# Spraying Sevin when necessary



## Ray (Dec 5, 2002)

Hi all, I know no one likes to use an insecticide on the garden, However I've found that I wouldn't have certain plants I love without them any more. My zucchini, cucumbers, winter squash, etc. I find it necessary to use Sevin spray at times to thwart infestations. 

However my reason for this thread is to tell how I try to do the least amount of damage to good bugs as possible and ask others for suggestions to help in the future. 

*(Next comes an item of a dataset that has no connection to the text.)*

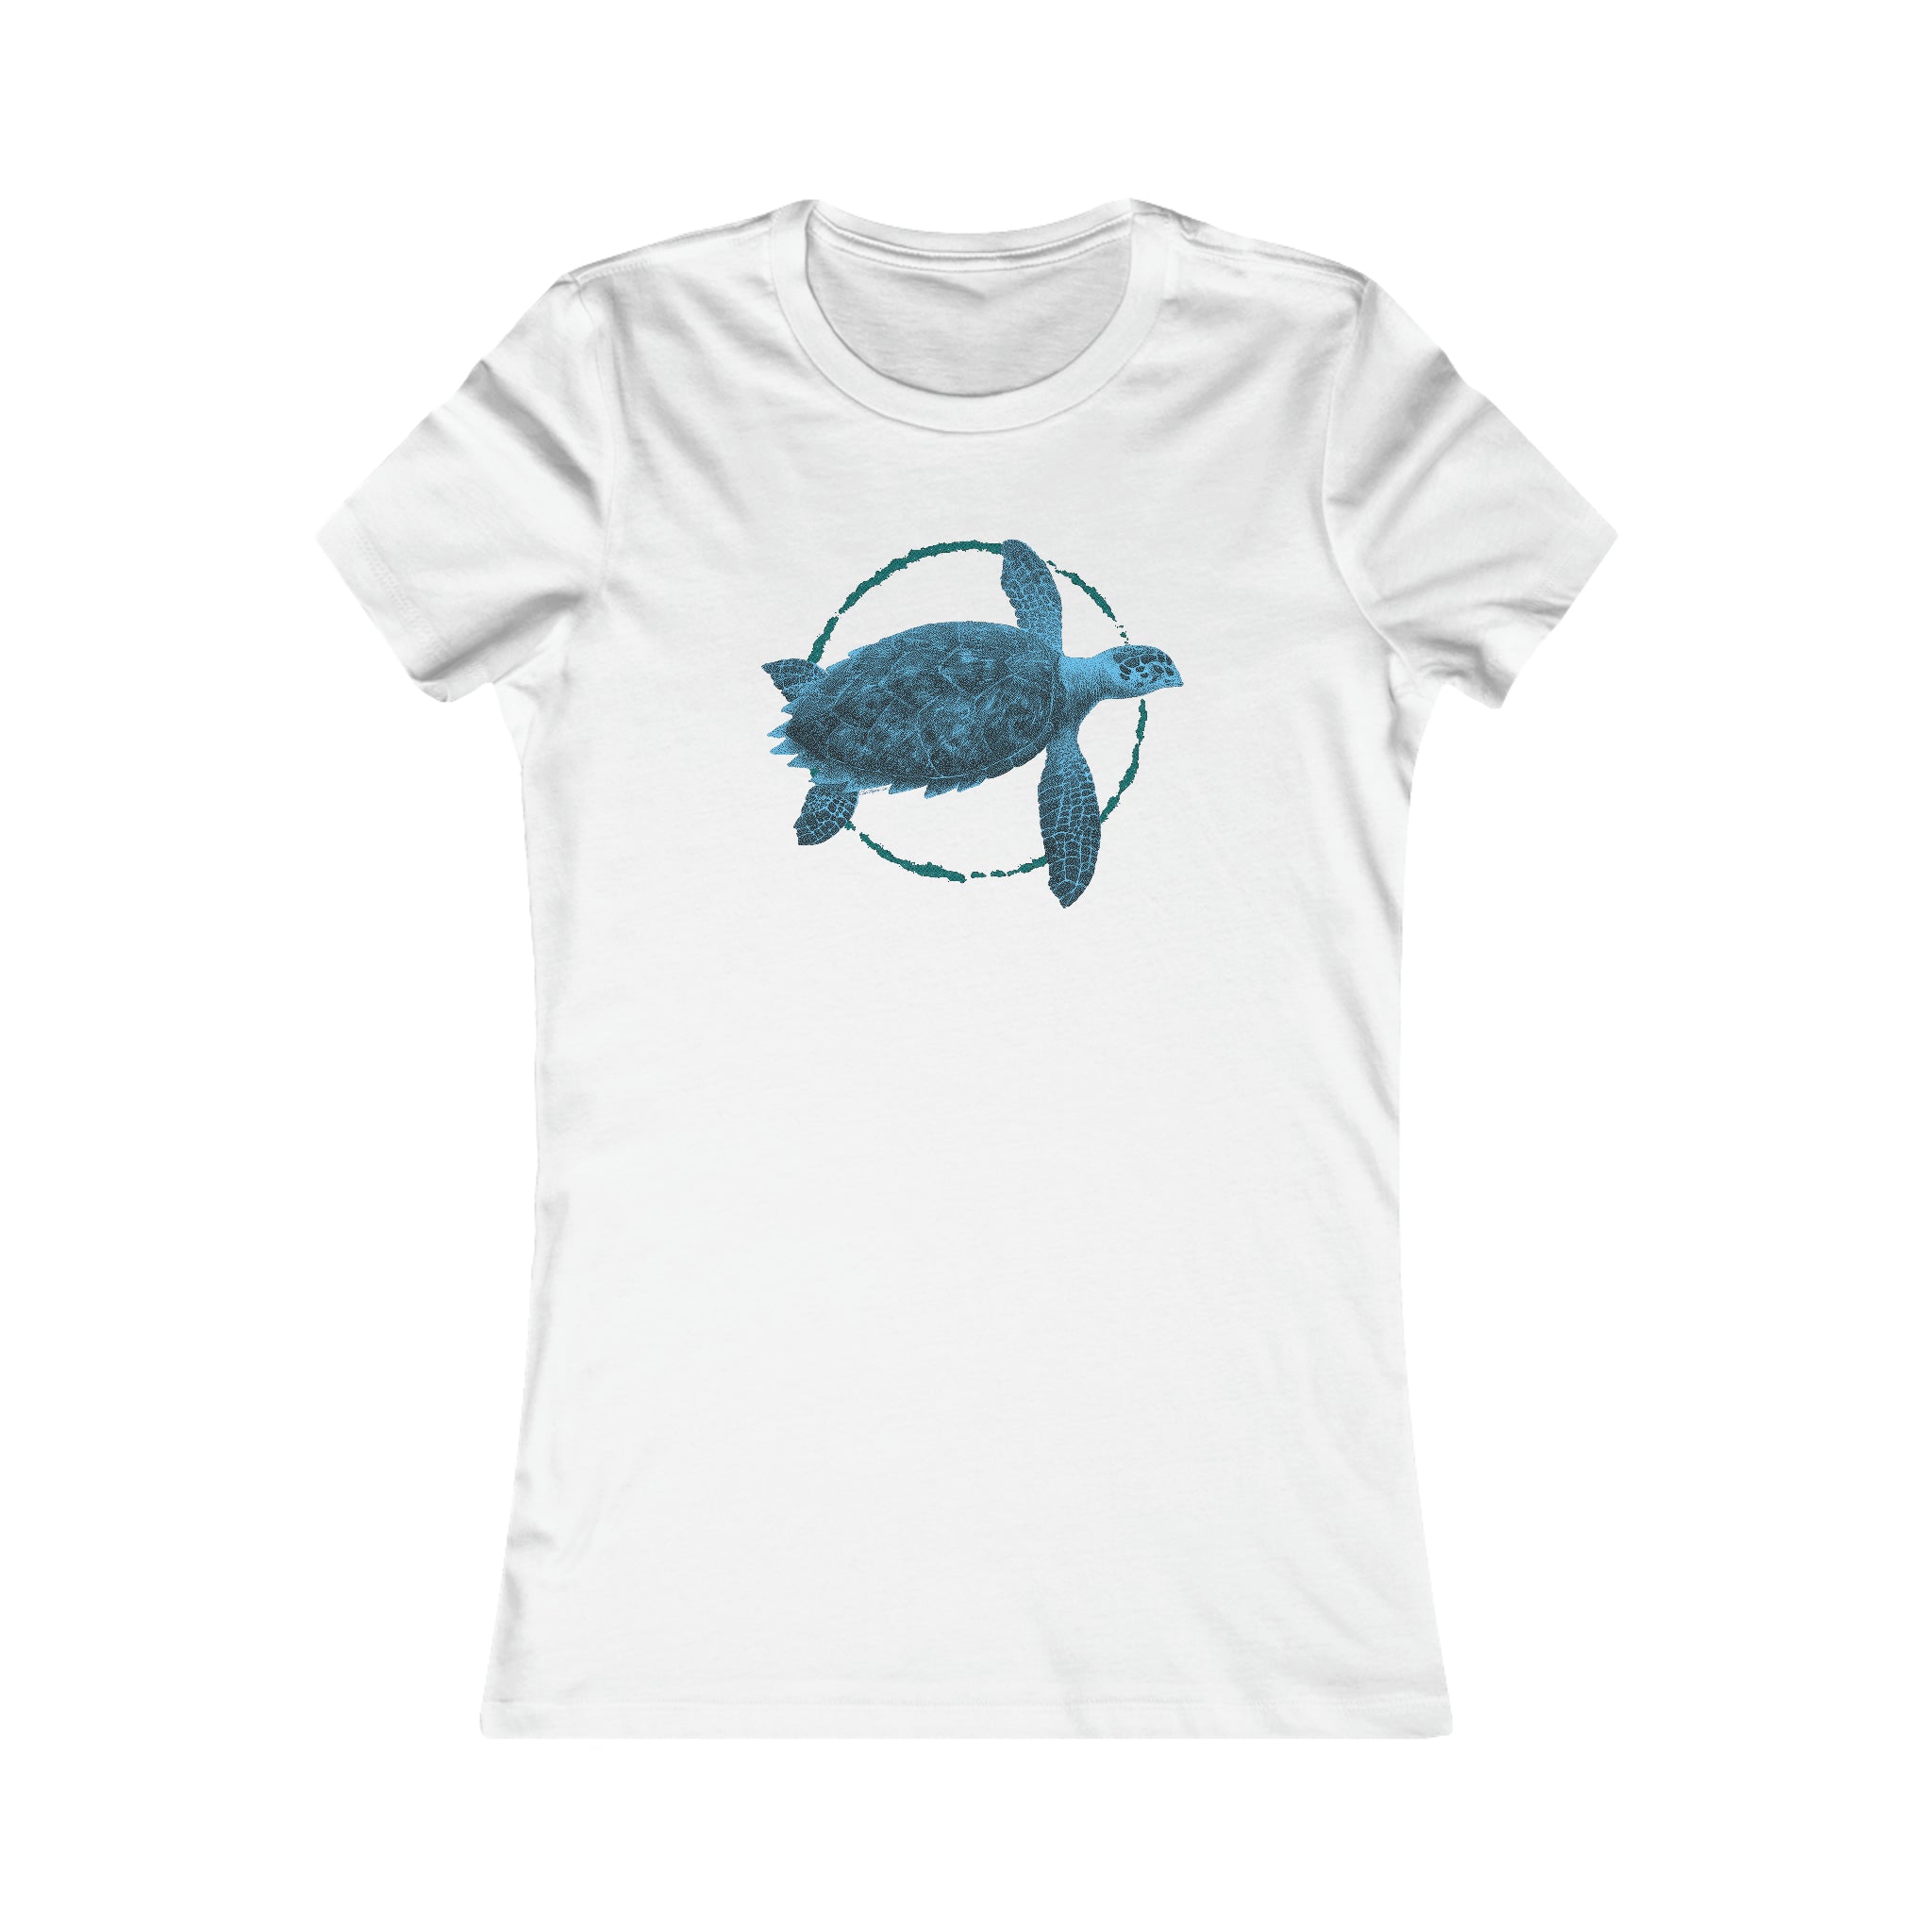 Hawksbill turtle Women's Tee, Sea Turtle shirts, Wearable art, Women's shirts

When I find it necessary to spray Sevin I only spray late in the evening right before dark when nearly all the blossoms have closed for the night and I do my best to do a controlled spray to be sure to miss all blossom material where a bee will light. I know it does alot of good because I never find a bee or bumble bee having trouble in my garden. You can watch them the next morning going flower to flower and doing fine. I never find a dead bee in my garden during my inspections, otherwise I would get upset. 

If you know of a decent way to use poison when necessary let me know what to do better, thanks, ray


----------



## Harry Chickpea (Dec 19, 2008)

Sounds like you are doing fine. FWIW, in south Florida we had some insects that would enter the squash fruit via the flower end. That was one of the discouraging parts of gardening in the tropics.


----------



## Ray (Dec 5, 2002)

boy I hope those devil bugs don't get to my place, what can a person do? I hope there is a predator bug you can get at a reasonable rate!! or a natural predator there for that insect, for all the good it can do, best wishes, ray


----------



## Pony (Jan 6, 2003)

You're doing fine. Sometimes, you have to responsibly use pesticides in order to have food from your garden, and that's just the way it is.

IIRC, isn't Sevin on the "acceptable" list for govt organic certification? I could be wrong, but I seem to recall reading that somewhere...


----------



## wyld thang (Nov 16, 2005)

what bugs are you spraying for?


----------



## Paquebot (May 10, 2002)

Pony said:


> You're doing fine. Sometimes, you have to responsibly use pesticides in order to have food from your garden, and that's just the way it is.
> 
> IIRC, isn't Sevin on the "acceptable" list for govt organic certification? I could be wrong, but I seem to recall reading that somewhere...


Sevin isn't organic but there's a certain rating for each pesticide, organic and non-organic, and Sevin is rated much more safer than a number of approved products. A UW Ext agent who works with state organic certification was a speaker at one of our garden club meetings several years ago. Her topic was pesticide use and how to safely use them. In the end, without expressly saying so, she said that Sevin was the safest and most effective to use even in an organic operation.

Martin


----------



## Tricky Grama (Oct 7, 2006)

I've read that sevin kills bees. Perhaps they just go back home to die?
Have you ever tried garlic pepper spray? VERY effiective , cheap, safe.

Just a couple habenera (?) peppers (have used 5-6 jalapenas when couldn't get habeneras)
Garlic-maybe a whole one or several cloves
cup of water
Blend (in blender) strain, add more water to make a gallon. A squirt of lemon dish detergent, little orange oil (not much b/c it will hurt plants)


----------